Because Kazakhstan is blocked by China and Russia, and already
flirts with Iran's offers to swap oil across the sea, Afghanistan
in the south might be the only viable outlet.
Meanwhile Russia is steaming like a hot bania bath
because the United States has collaborated with the now independent
pieces of its former empire, cutting it out of the wealth it feels
should be funneled north. Its aggression in Chechnya, in which
somewhere approaching 100,000 civilians have perished, is fueled
in part by a desire to hang on to influence in the slippery region.
Grozny, Chechnya's bombed out capital, was once a thriving refinery
city.
Worse than Russia's interference in the region, at
least from the U.S.' standpoint, are the aims of Iran and China,
who hope to pump oil south and east, respectively.
On a plane to Tehran, Kleveman meets an oil dealer
who talks conspiratorially about the country's secret plans to
"thwart" the Baku pipeline. The author makes the strong
case, however, that Iran is not fomenting Islamic radicalism in
the region as much as Pakistan, which he calls the "cradle
of terror."
All in all, the situation creates a tinderbox that
has already thrown off quite a few sparks. Even so, Kleveman somewhat
unconvincingly spends the last few chapters tying the region to
the Sept. 11, 2001, attacks, mixing in war reporting from Afghanistan,
which he covered for the British Telegraph and CNN.

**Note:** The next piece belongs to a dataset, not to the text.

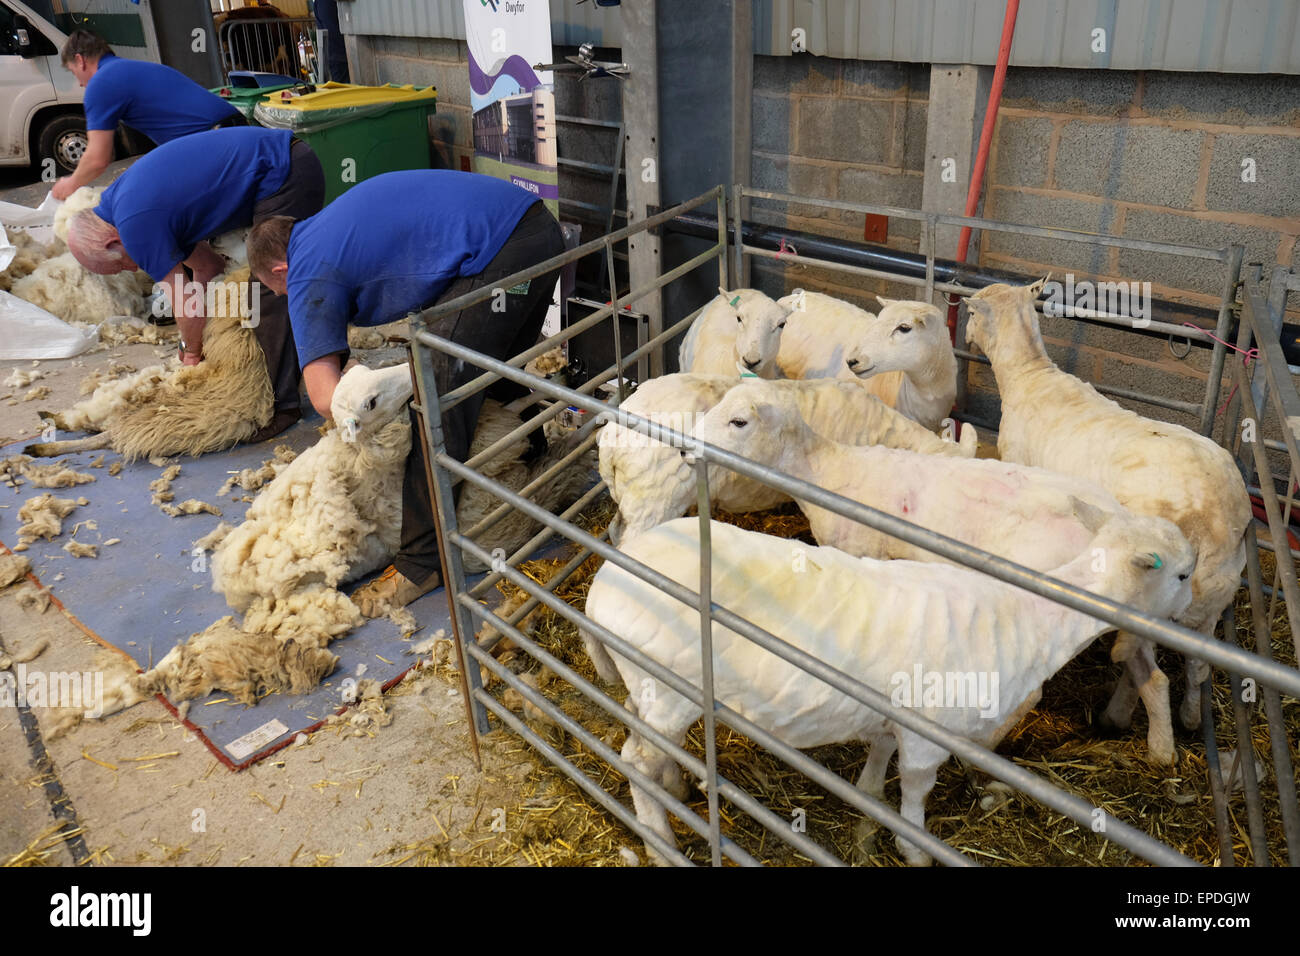 Royal Welsh Festival di Primavera di Builth Wells, Wales, Regno Unito, maggio 2015. Appena tagliata di tosatura pecore un aspetto fresco e pulito dopo essere stato tagliato a mano durante una dimostrazione di taglio durante il secondo giorno del Royal Welsh Festival di Primavera in Galles centrale. Foto Stock

At times he verges into a discourse on "why
they hate us" that sounds like a bad episode of "The
West Wing." He could have focused more narrowly on the Caspian
Sea oil and practical strategies for how its natural resources
might be developed with the least amount of bloodshed.
In what is no doubt a reflection of his experiences,
Kleveman seems to spend too much time stuck at highway checkpoints,
making it sometimes difficult to scratch below the surface of
these complicated countries. All in all, however, Kleveman tells
a spellbinding tale of "blood and oil" on an authentic
frontier full of bandits, gangs, crooked politicians, modern-day
robber barons and even whole renegade provinces, such as Abkhazia
in Georgia.
We should hope, for the sake of the civilians who
populate the Caucasus and Caspian region, that it can find some
way to achieve stability. Having covered the diamond industry
in Sierra Leone and oil fields in Nigeria, where, as he puts it,
"the struggle for raw materials can lead to conflicts and
wars," Kleveman himself is pessimistic.
David Whelan is a business writer in San Francisco.